(DATA RECORDS):

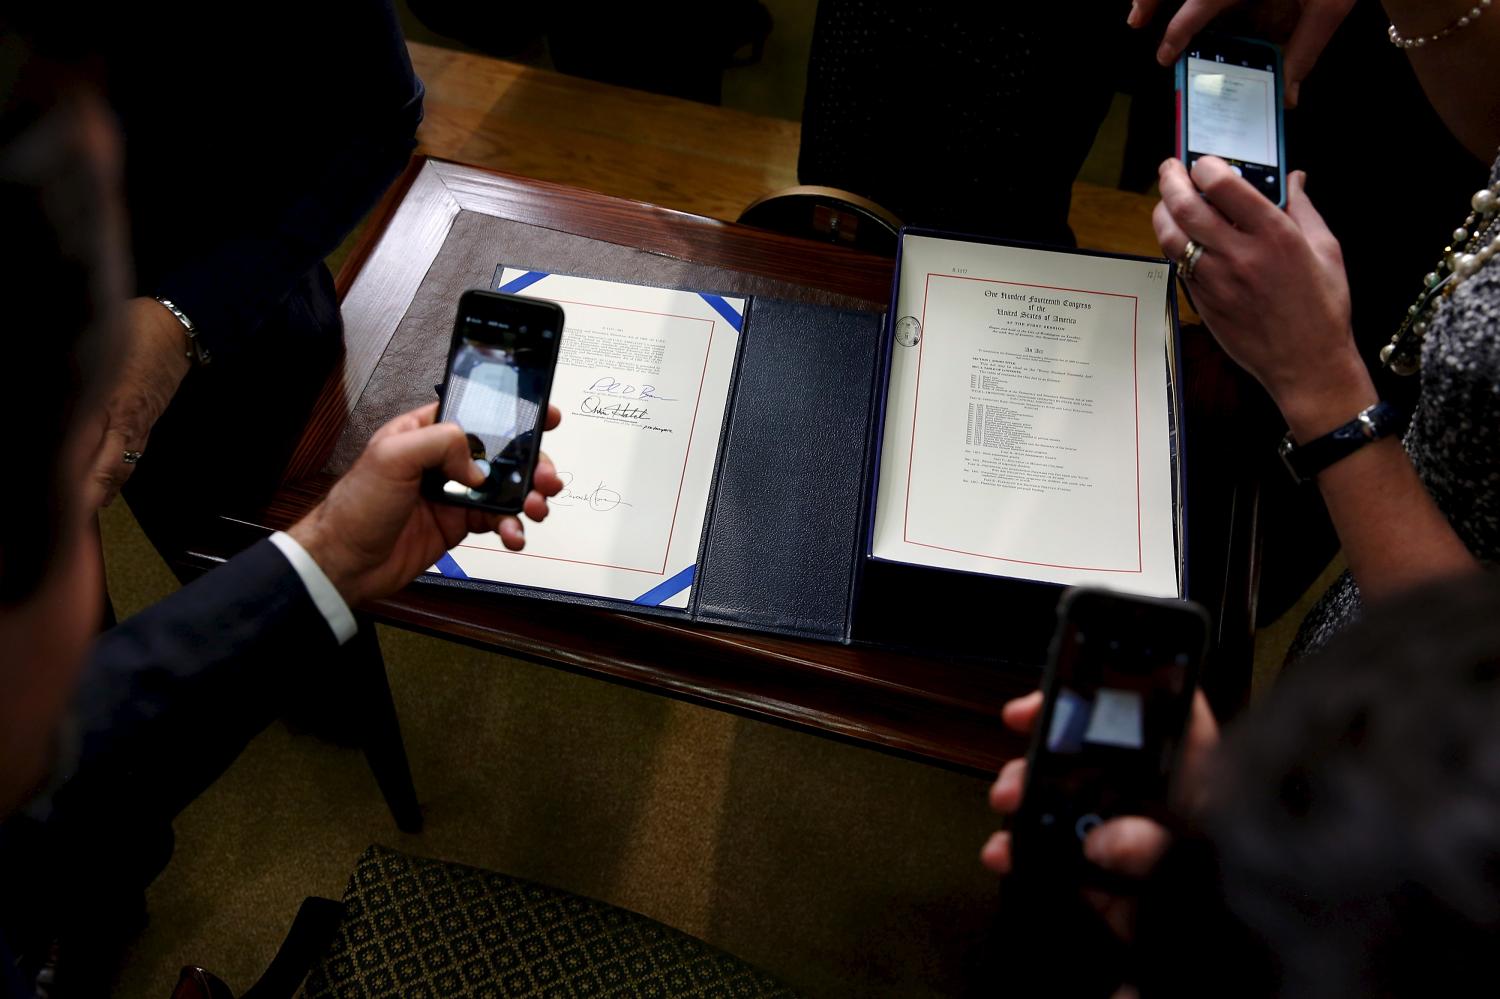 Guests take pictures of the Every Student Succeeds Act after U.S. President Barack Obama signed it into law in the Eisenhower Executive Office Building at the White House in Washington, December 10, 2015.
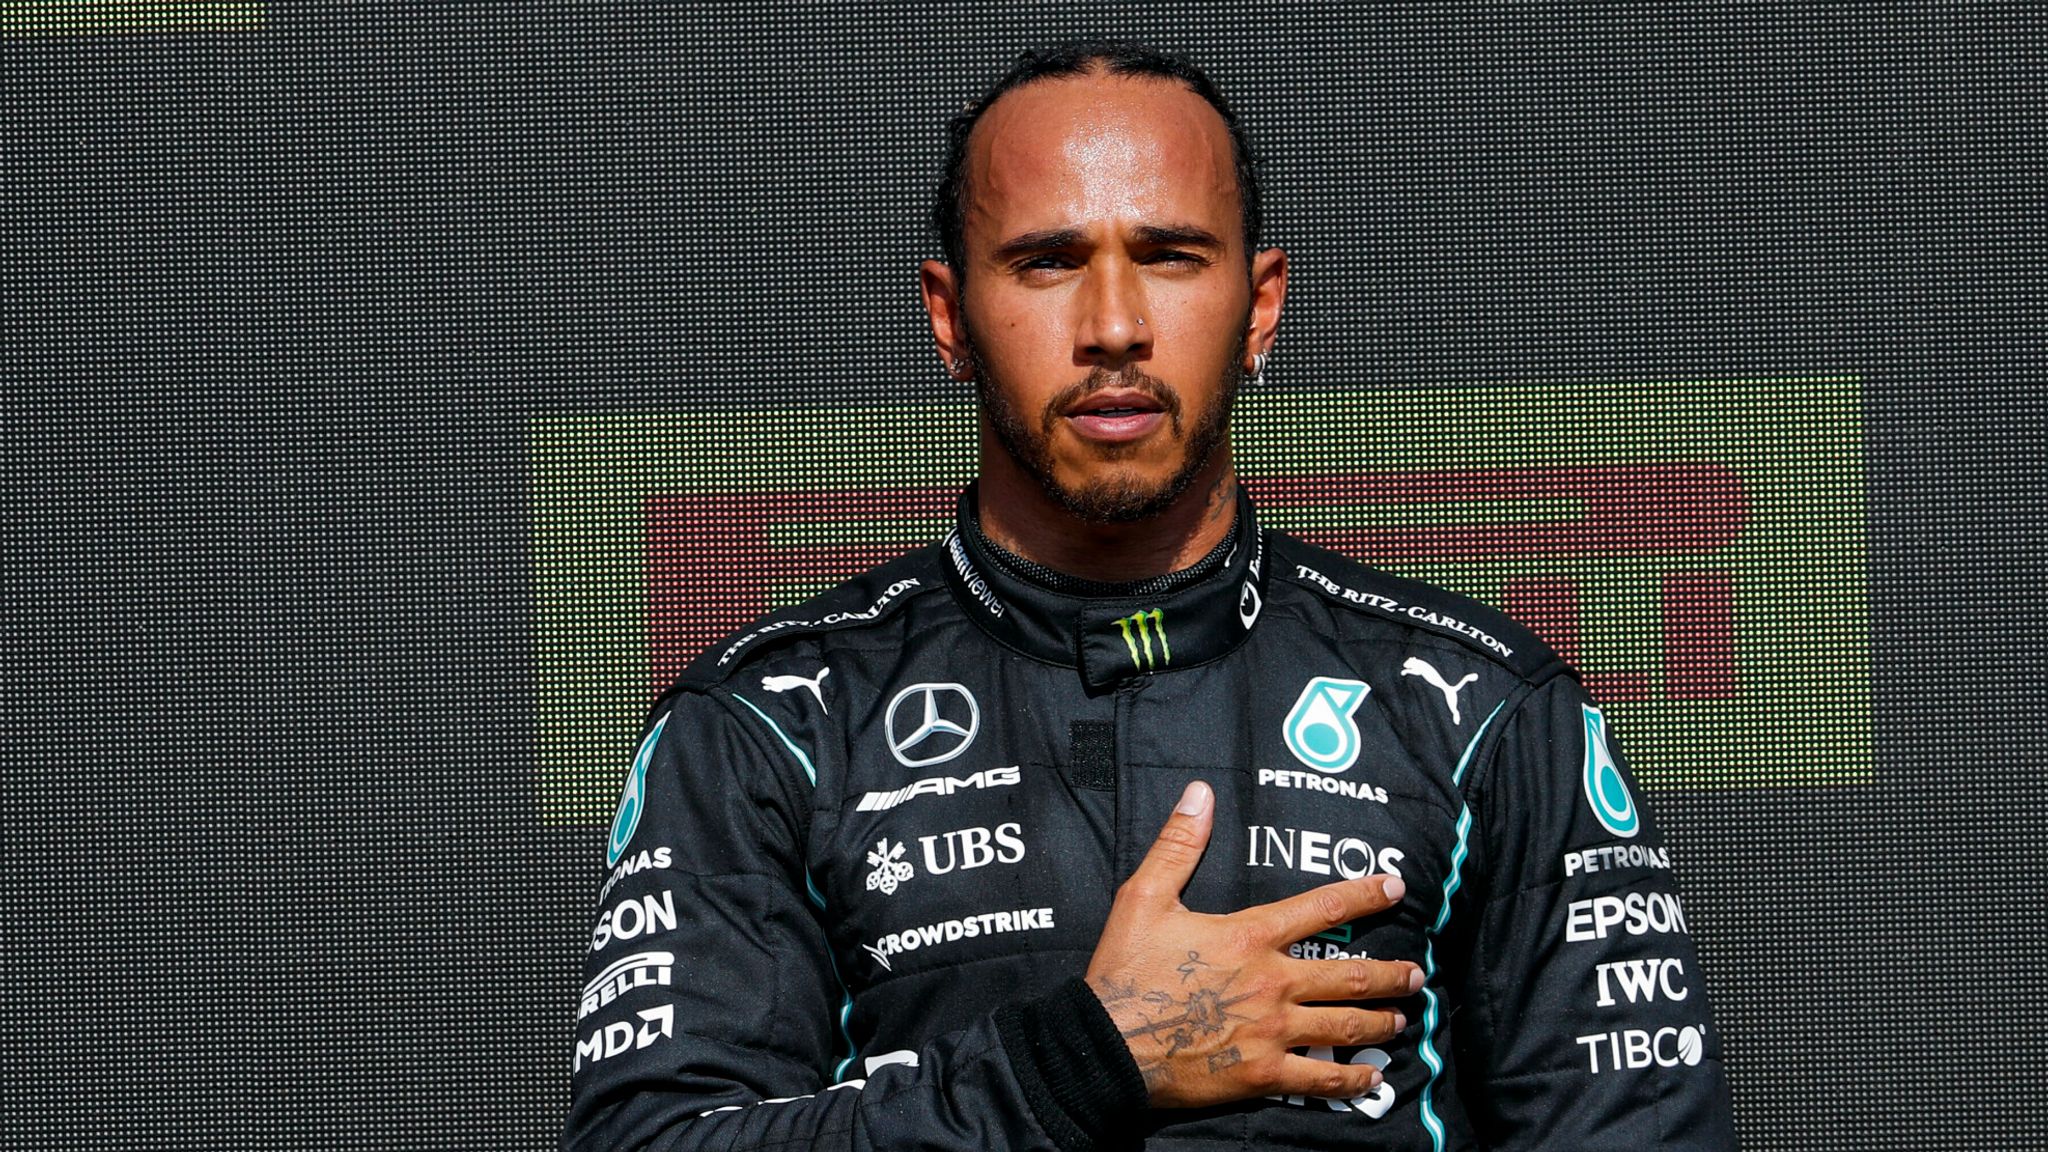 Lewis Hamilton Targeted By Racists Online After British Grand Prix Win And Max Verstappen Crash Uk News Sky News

* * *

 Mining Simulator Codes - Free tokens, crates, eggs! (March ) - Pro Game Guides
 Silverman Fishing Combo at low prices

(PROBLEM DESCRIPTION):
Using the records above, return verbatim only the part that opens with the line containing "Guests take pictures" and closes with the line containing "Lewis Hamilton Targeted"; pictures stay out.

(SOLVED EXERCISE):
 Guests take pictures of the Every Student Succeeds Act after U.S. President Barack Obama signed it into law in the Eisenhower Executive Office Building at the White House in Washington, December 10, 2015.
 Lewis Hamilton Targeted By Racists Online After British Grand Prix Win And Max Verstappen Crash Uk News Sky News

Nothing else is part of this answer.